WHAT YOU NEED TO DO =>
For the entries below, the result should be an exact transcription of the lines from the one with "2 Bed Apt for" up to and including the one with "Dual vertical daisy", and only those.

PROVIDED DATA =>
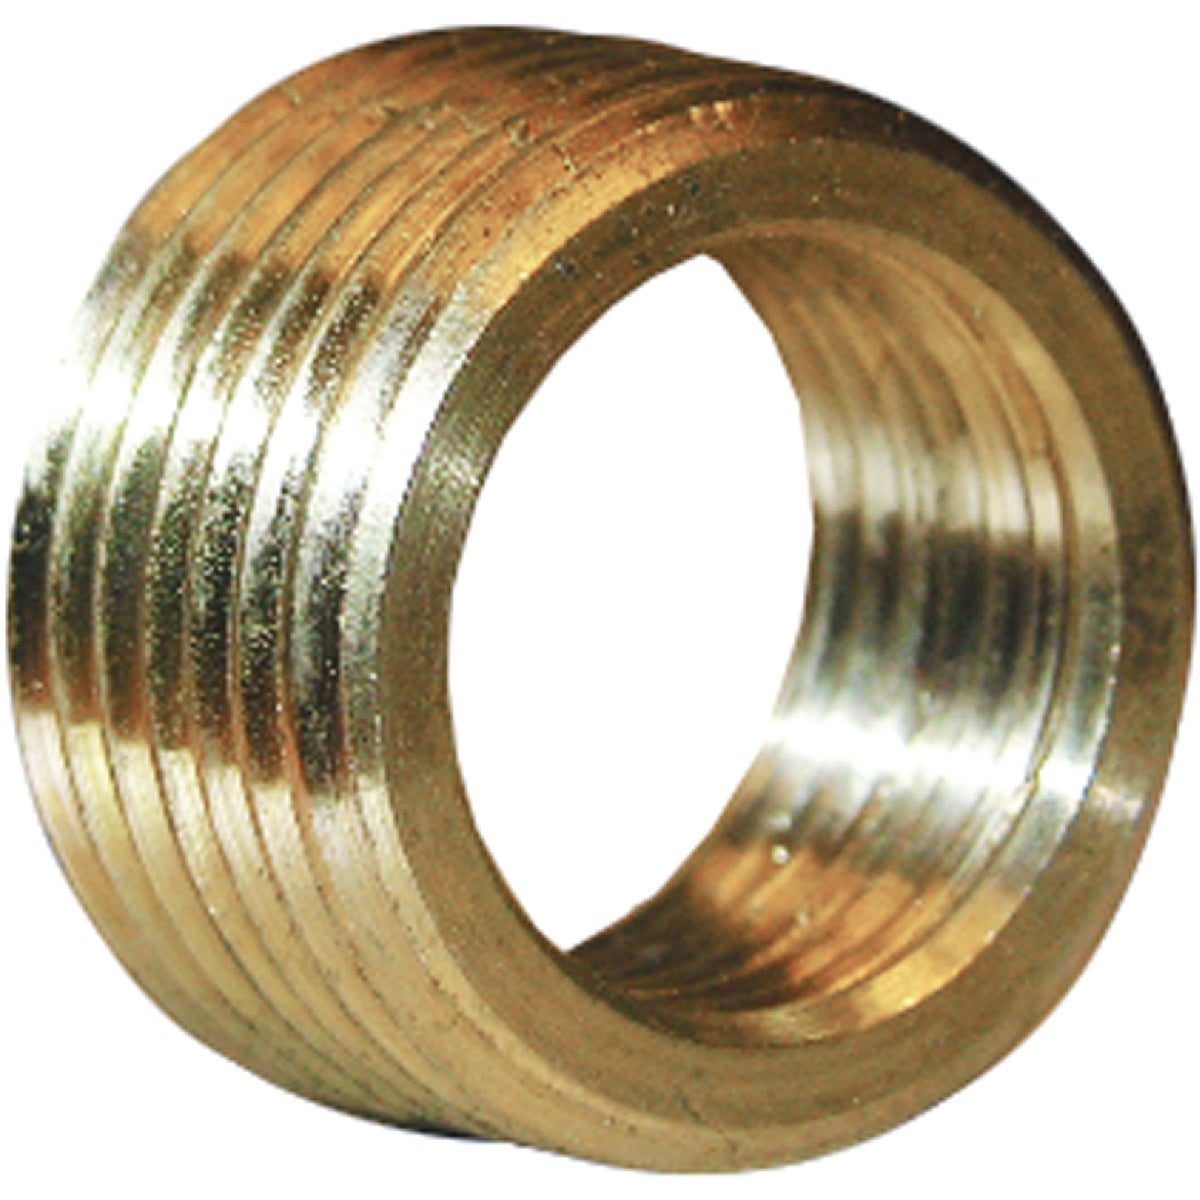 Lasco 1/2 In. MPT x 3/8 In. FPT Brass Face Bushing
* * *
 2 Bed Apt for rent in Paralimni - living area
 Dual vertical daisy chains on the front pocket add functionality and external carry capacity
---
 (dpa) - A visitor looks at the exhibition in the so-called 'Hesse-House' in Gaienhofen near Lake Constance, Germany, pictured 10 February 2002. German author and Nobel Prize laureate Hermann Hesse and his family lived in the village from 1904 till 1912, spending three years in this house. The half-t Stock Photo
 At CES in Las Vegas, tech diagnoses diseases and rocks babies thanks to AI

OUTPUT OF THE TASK =>
 2 Bed Apt for rent in Paralimni - living area
 Dual vertical daisy chains on the front pocket add functionality and external carry capacity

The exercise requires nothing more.